Per ulteriori informazioni scientifiche sulla salute oculare veterinaria, puoi consultare le risorse messe a disposizione dalla Cornell University – Veterinary Medicine, punto di riferimento internazionale per la ricerca in oftalmologia animale.
Conclusione: proteggere la vista del tuo cane inizia dall’osservazione
Gli occhi rossi nel cane non sono mai un segnale da ignorare, anche quando la causa sembra banale. Un’osservazione attenta e quotidiana ti permette di cogliere i primi cambiamenti e di reagire prima che il problema diventi serio. Se l’arrossamento si protrae, se compaiono secrezioni, dolore o qualsiasi alterazione dell’aspetto dell’occhio, la decisione più saggia è sempre quella di rivolgerti al veterinario senza indugi.
Intervenire per tempo significa proteggere la funzione visiva e garantire al tuo compagno una qualità di vita migliore.
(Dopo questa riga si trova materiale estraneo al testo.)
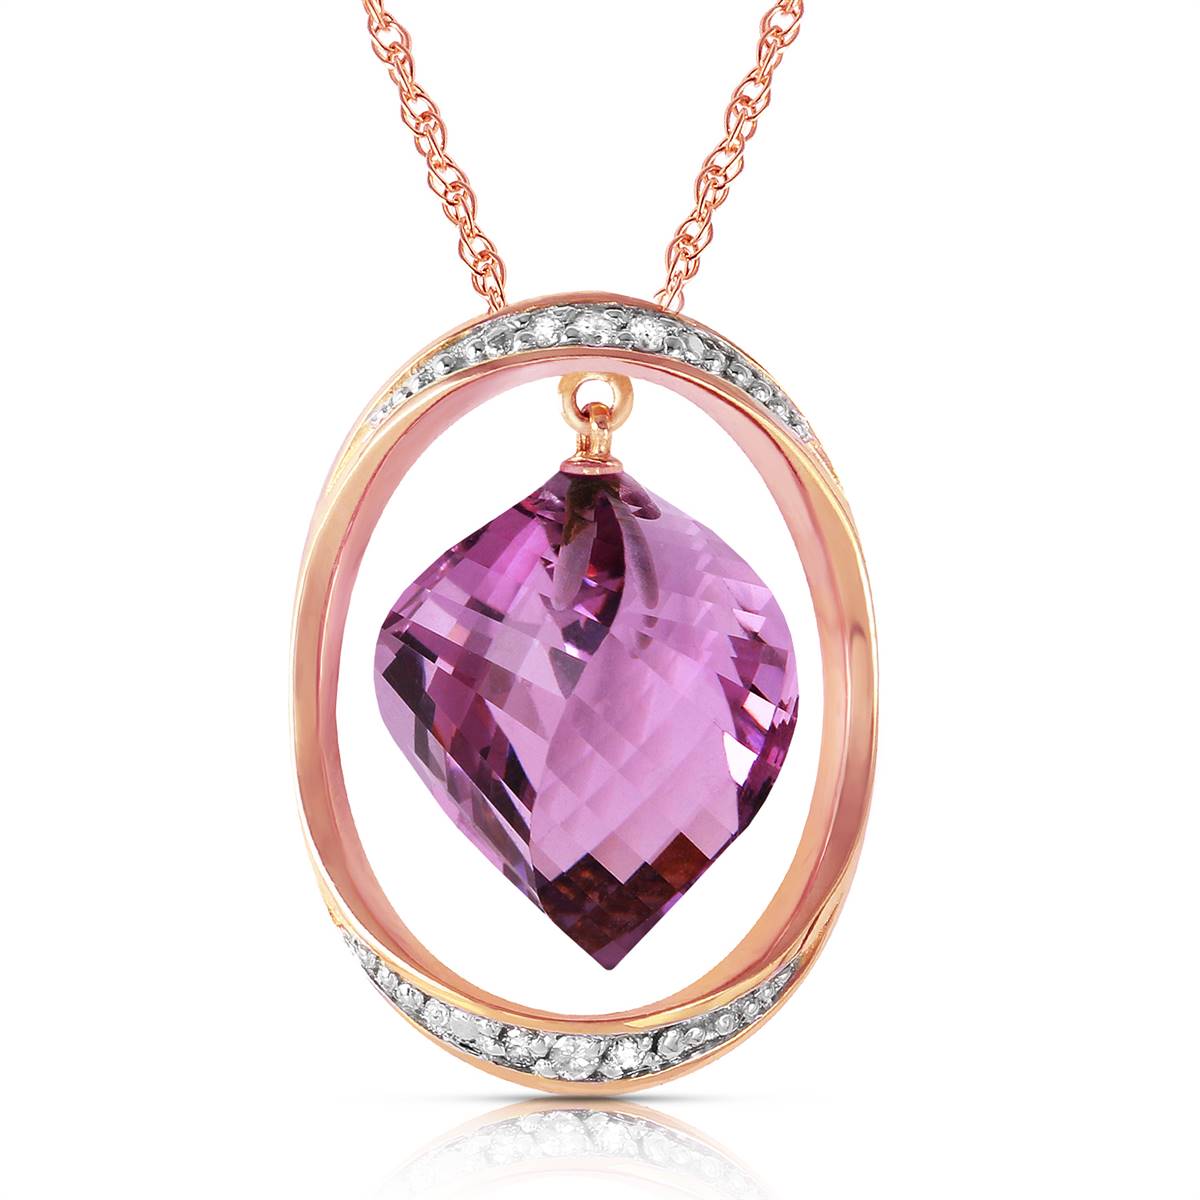 14K Solid Rose Gold Necklace w/ Natural Twisted Briolette Amethyst & Diamonds
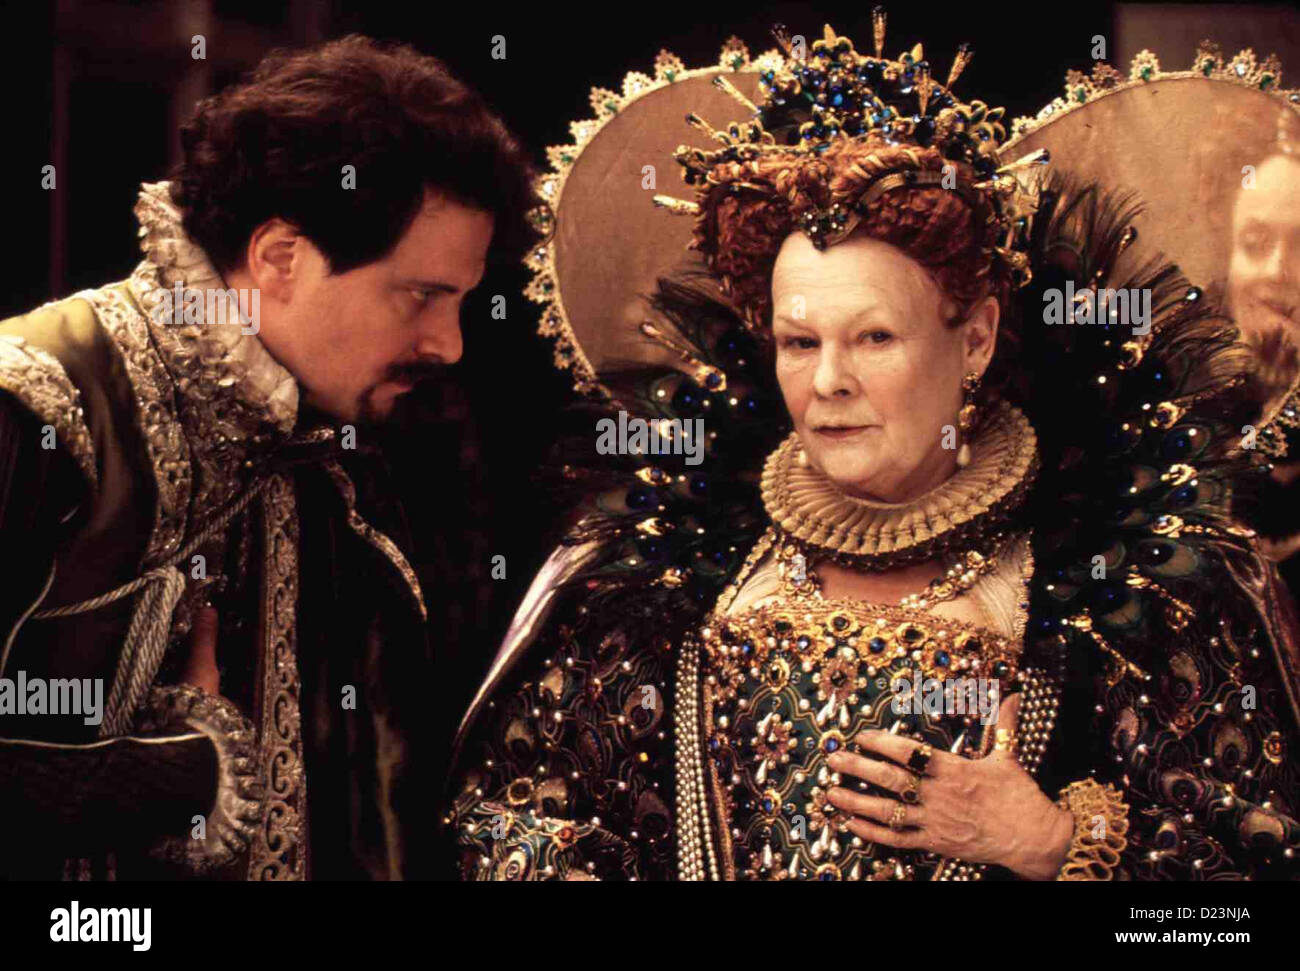 Shakespeare in Love Shakespeare in Love Lord Wessex (Colin Firth), Queen Elizabeth (Judi Dench) *** légende locale *** 1998 Banque D'Images

Con controlli regolari, piccole attenzioni giornaliere e la consapevolezza di ciò che può scatenare gli occhi rossi nel cane, puoi fare moltissimo per la sua salute oculare a lungo termine. La vista è un bene prezioso: prendertene cura ogni giorno è uno dei modi più concreti per dimostrare tutto l’amore che provi per il tuo cane.